CURWOOD: What might be the first step that would show that there’s substance to this notion that the U.S. and China will work something out bilaterally in the context of the UN negotiations?
MORGAN: I think a good step would be actually some very specific and concrete, hopefully transformational partnerships on buildings – energy efficiency buildings – on carbon capture and storage. Both countries have a large coal base and they both need to figure out how to produce zero-emissions coal.
So, if there was a partnership where they both said we’re going to do a set of demonstration plants, together, to figure how we’re going to work this technology. If they were to do that on some solar technology, so some very specific, big technology projects.

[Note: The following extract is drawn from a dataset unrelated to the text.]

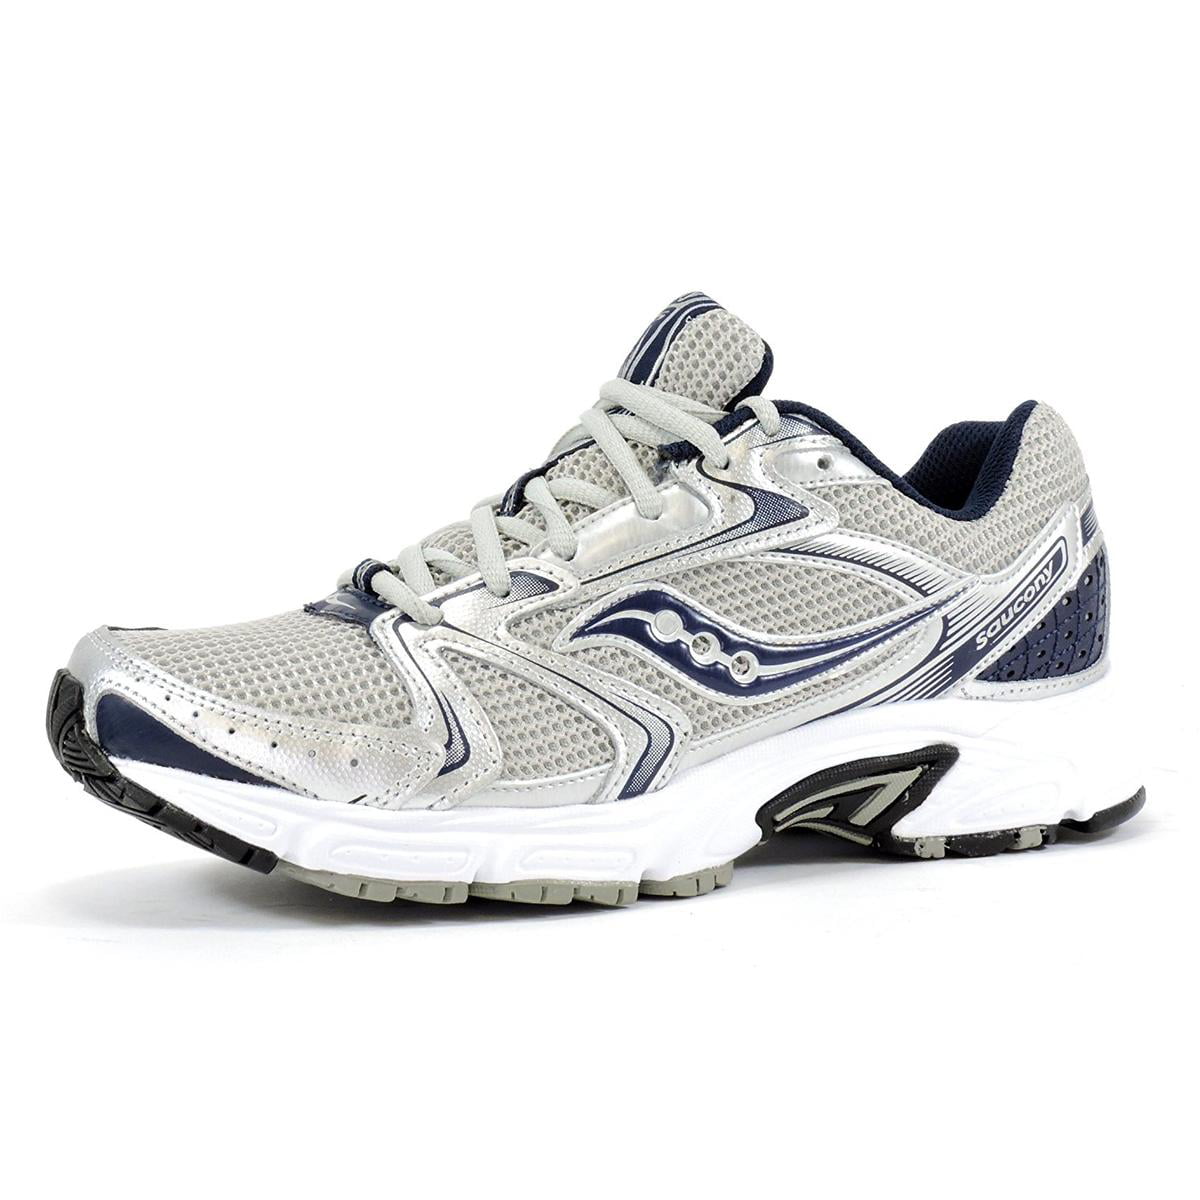 Saucony Running and Jogging Shoes Price Guide | The FitnessView

That would be one thing. I think the other thing that would be very helpful is if both countries worked on how they’re gonna measure, report, and verify their emissions. What systems of transparency are they going to set up, and to really start building the capacity in China to do that kind of measuring, reporting, and verification, and the U.S. has obvious experience in this. So, those two areas, I think, are kind of the foundation, but also really looking transformationally how we’re going to decarbonize these two economies, which, you know, starts in Copenhagen, but is a way, much longer process to get there.
CURWOOD: In the context of these negotiations with China, a row has erupted over tariffs the U.S. is going to impose -- a tire tariff. This comes just at the moment the U.S. is trying to come together with China on a bilateral agreement around climate. Some might say that there might be domestic factors in both countries that might see it in their interest to have talks fall apart on the issue of trade.
MORGAN: I think that the trade agenda obviously is an incredibly hot, difficult, and challenging issue and it is also in the thick of the climate issue. There are proposals on Capitol Hill in legislation that China would certainly find completely unacceptable, and there are concerns, obviously, in the United States that feel that those types of measures are needed.
My hope is that we can find a solution where through a global agreement we see that actually these competitiveness concerns, we don’t need these additional trade measures in order to get a deal. I think that this is something that could really blow up in our faces if we’re not careful, and goes way beyond the climate agenda, and hasn’t yet really gotten the adequate attention that it needs.
CURWOOD: And then, of course, there’s Japan: the world’s second-largest economy. Its incoming prime minister says that he now wants to cut emissions by 25 percent over 1990 levels over the next ten years. Of course the condition is if only other developed countries set similar ambitious goals. So, how does Japan come out now in terms of leadership for action on climate change?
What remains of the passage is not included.